Work to complete ::
Output the listing word for word, minus pictures.

Available data ::
···

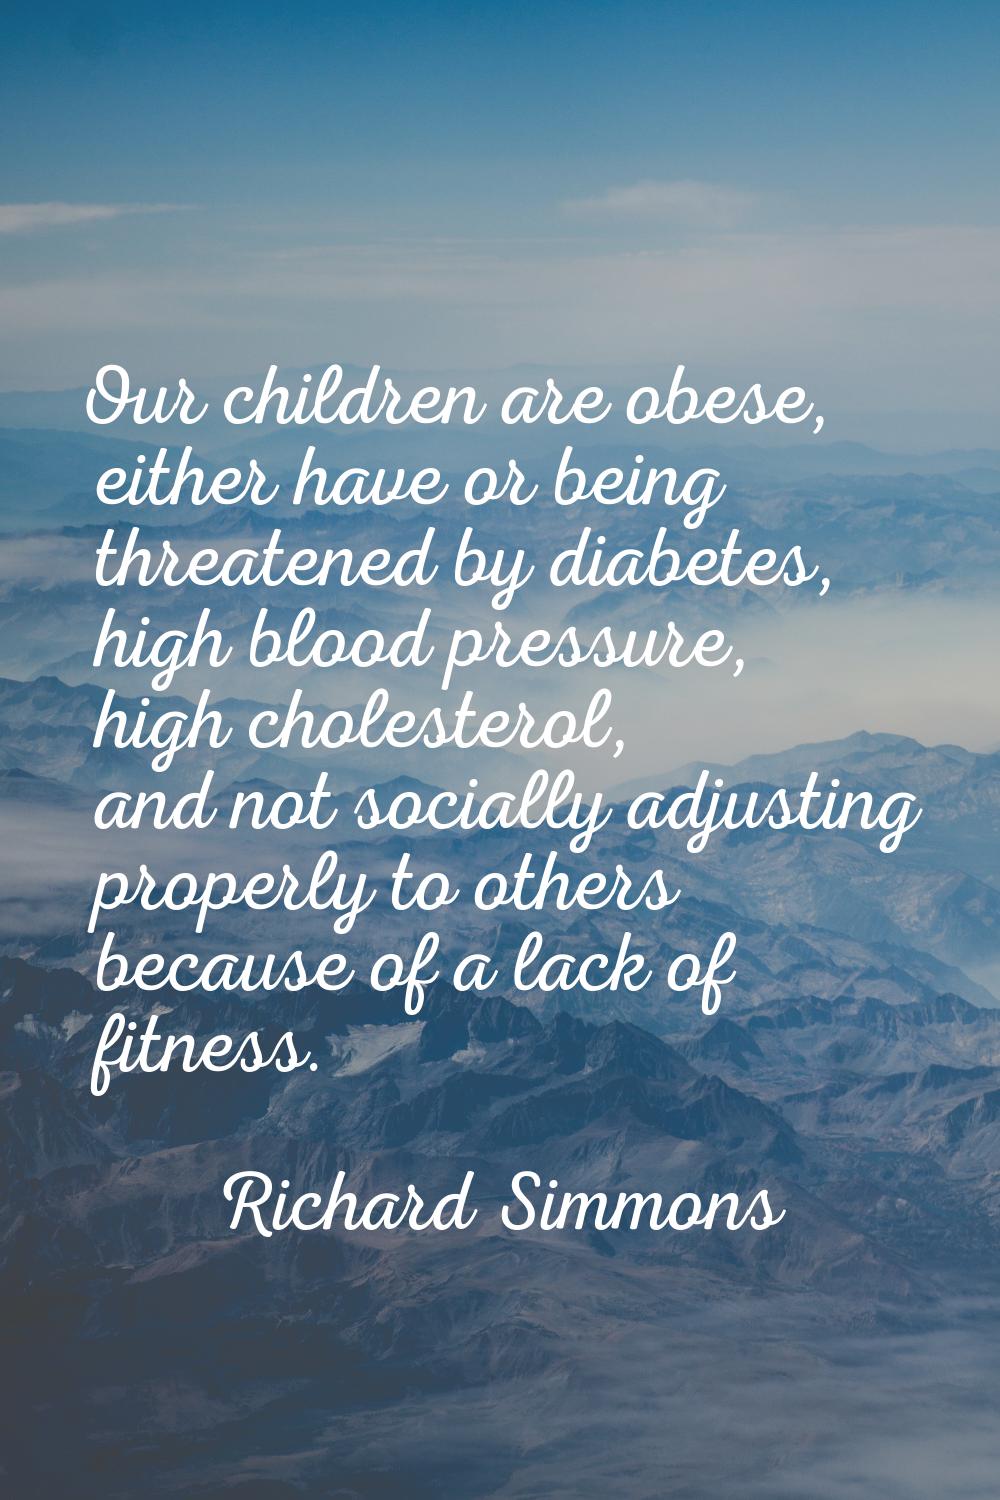 Our children are obese, either have or being threatened by diabetes, high blood pressure, high chol
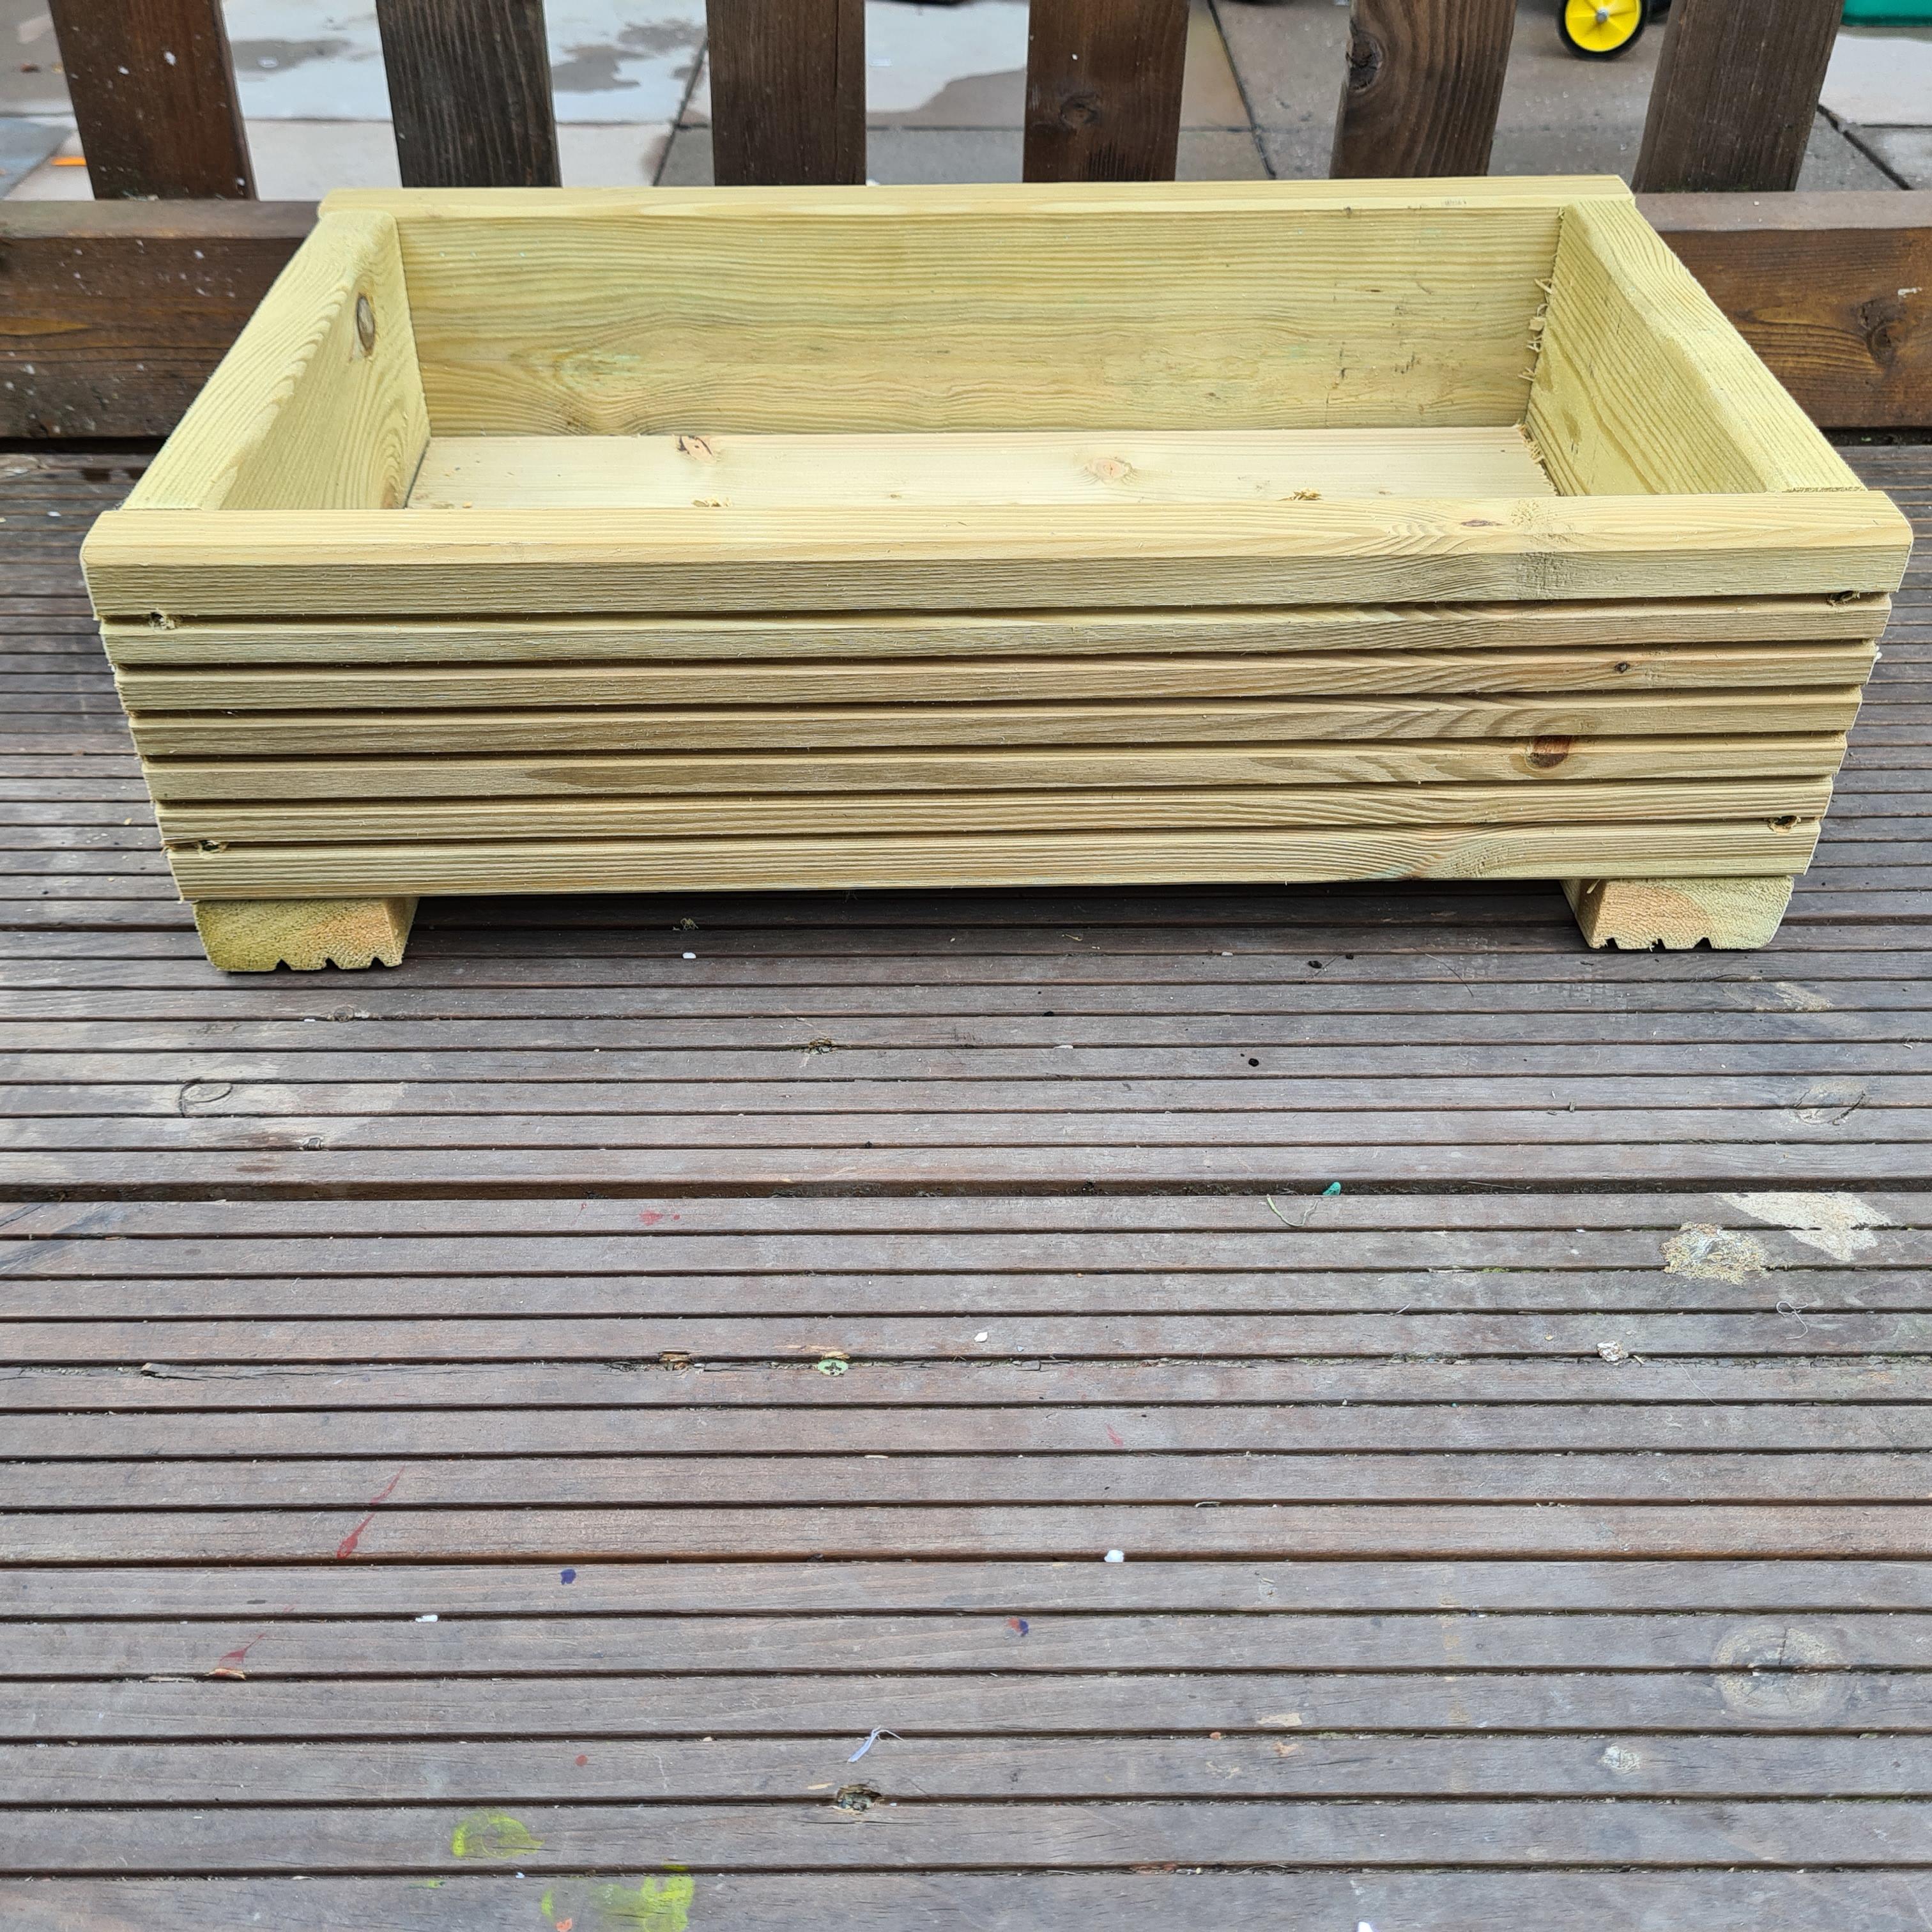 Decking planter on a decking base with a picket fence in the background
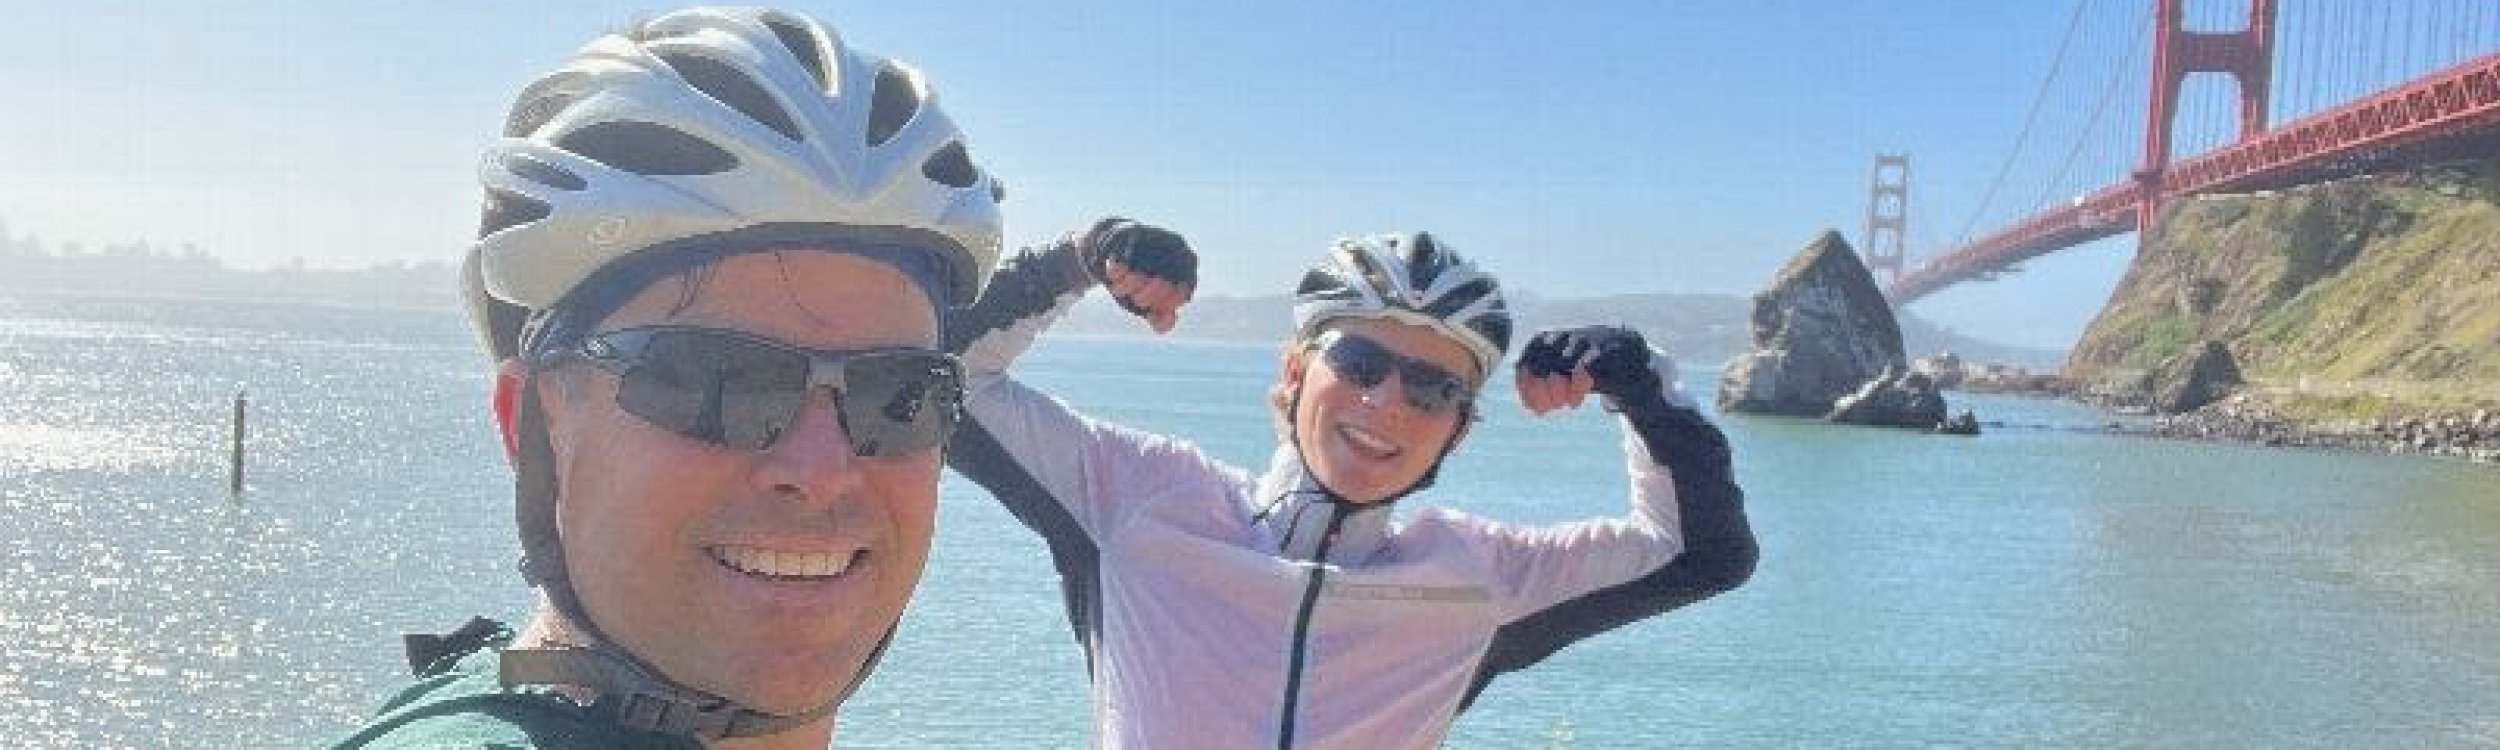 Matt’s favorite walks & why he’s supporting Walk SF through ClimateRide
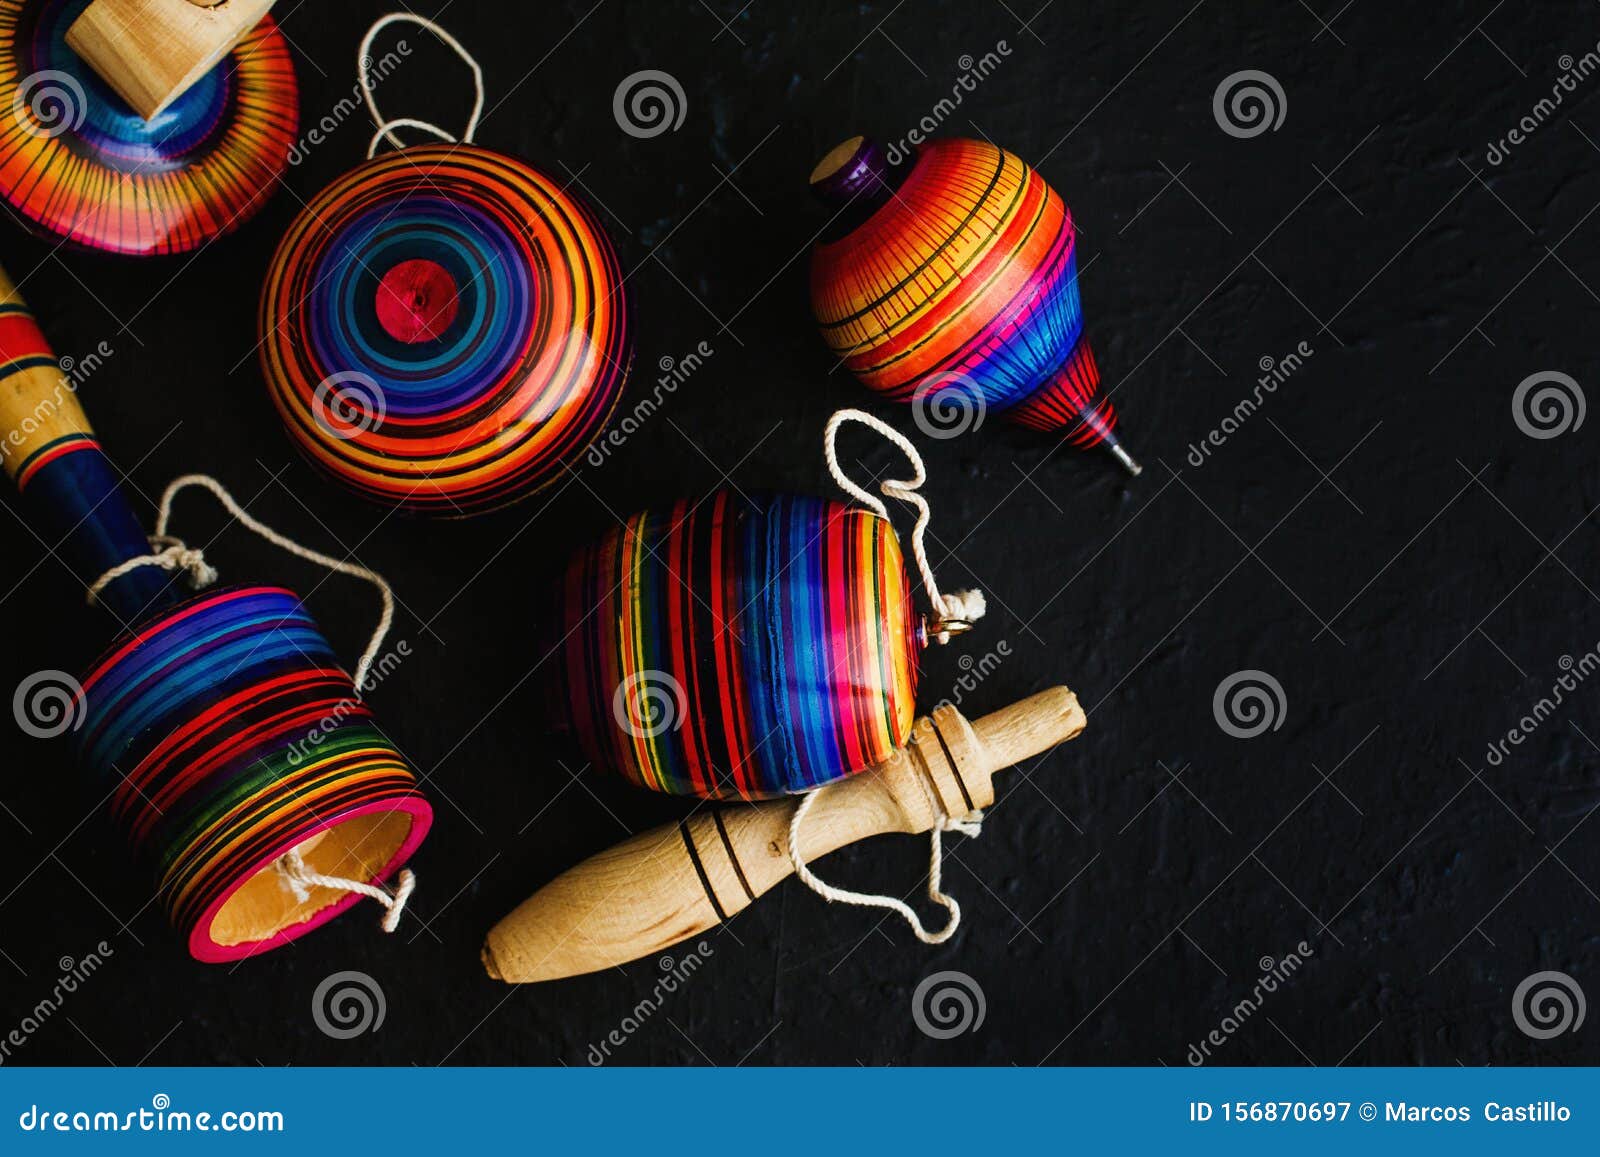 mexican toys from wooden, balero, yoyo and trompo in mexico on black background

···

Solution to this task ::
 Our children are obese, either have or being threatened by diabetes, high blood pressure, high chol
 Decking planter on a decking base with a picket fence in the background
 Matt’s favorite walks & why he’s supporting Walk SF through ClimateRide
 mexican toys from wooden, balero, yoyo and trompo in mexico on black background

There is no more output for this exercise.